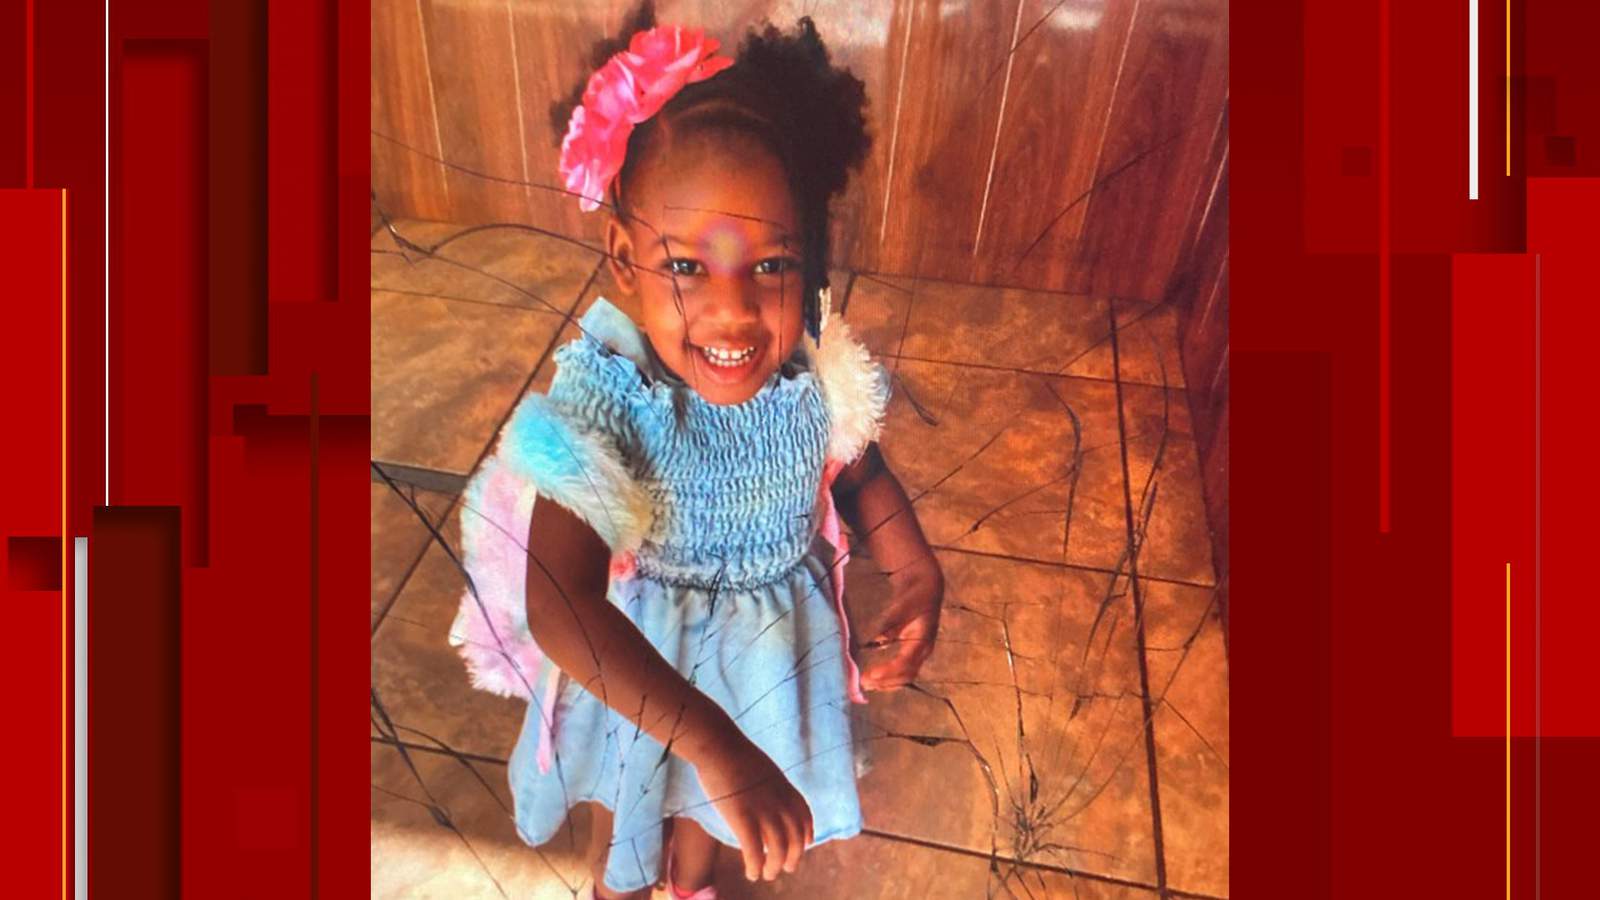 3-year-old girl stolen in car theft in Dallas found safe, police say
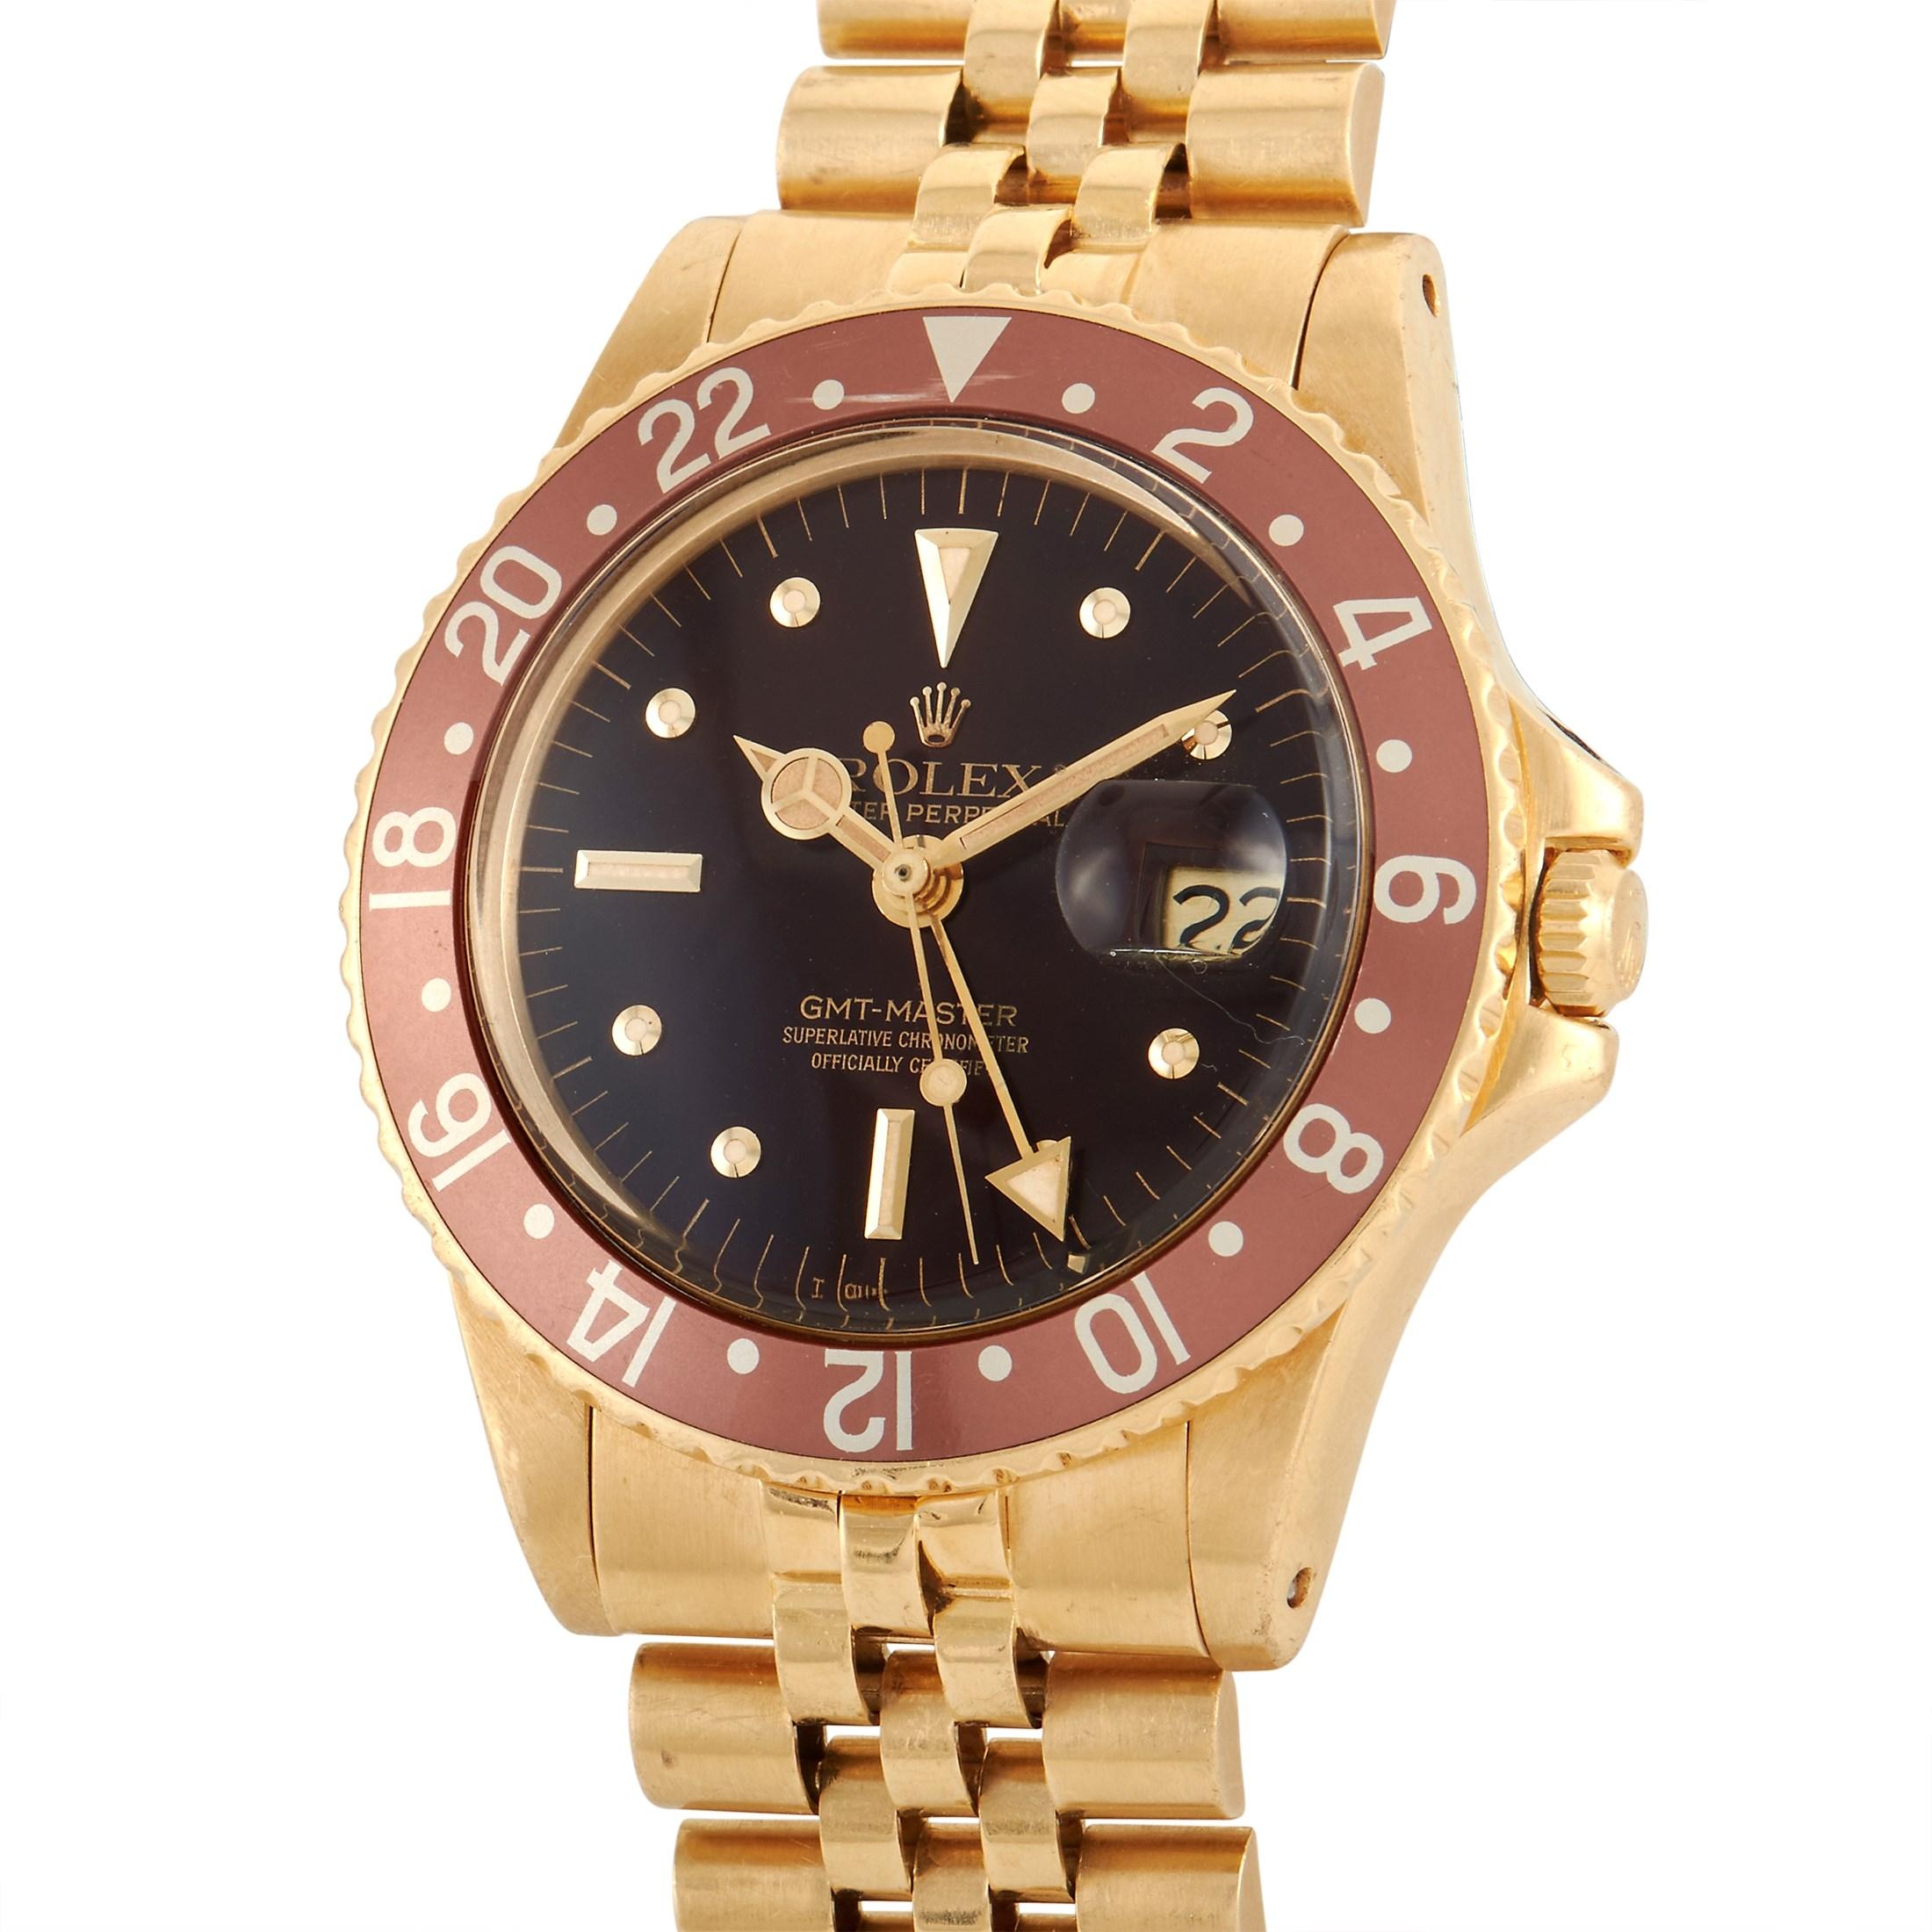 The Rolex GMT-Master Watch, reference number 1675/8, is inherently opulent. 

This dynamic design begins with a 40mm case, fluted bezel, and bracelet crafted from lustrous 18K Yellow Gold. On the brown dial, you’ll find luminous gold toned hands,
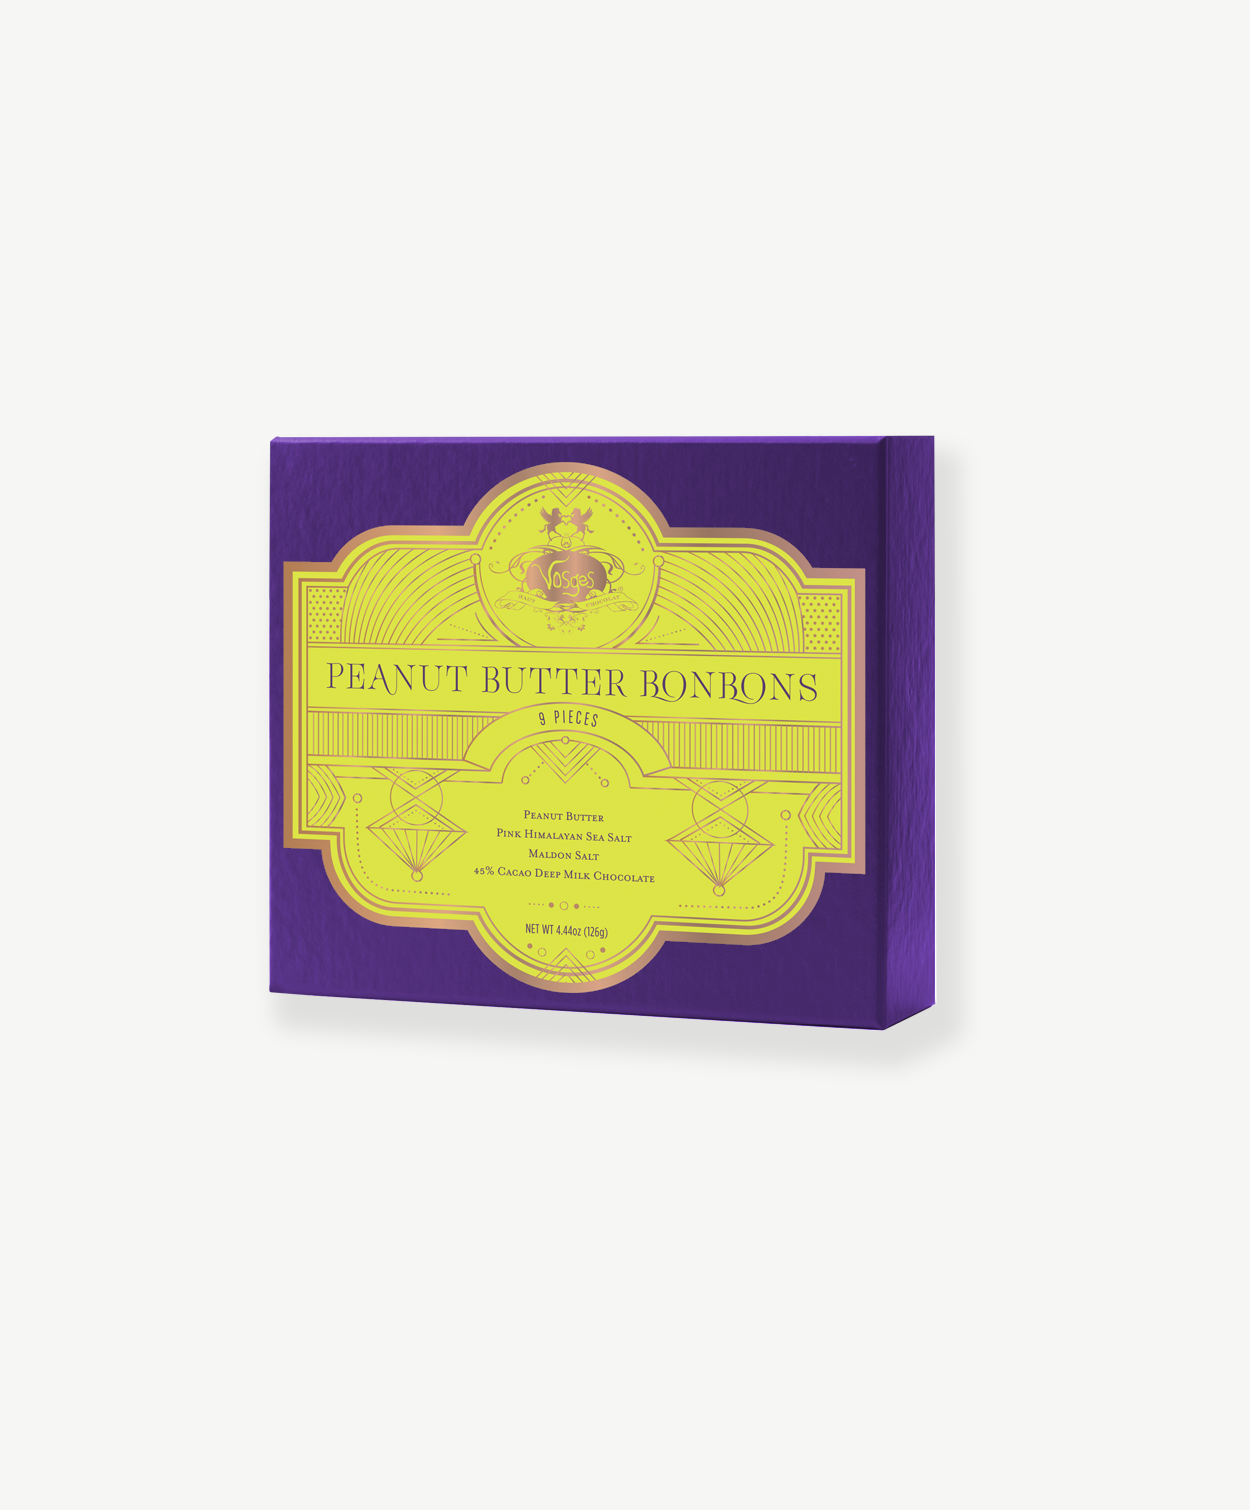 A purple Vosges chocolate box with a bright green label reading. "Peanut Butter Bonbons" stands upright on a white background.

**Requirement**: Take the lines from the start of the material to the line with "This dynamic design", both included, and transcribe them exactly without the pictures.

**Exercise result**:
 3-year-old girl stolen in car theft in Dallas found safe, police say
 The Rolex GMT-Master Watch, reference number 1675/8, is inherently opulent. 

This dynamic design begins with a 40mm case, fluted bezel, and bracelet crafted from lustrous 18K Yellow Gold. On the brown dial, you’ll find luminous gold toned hands,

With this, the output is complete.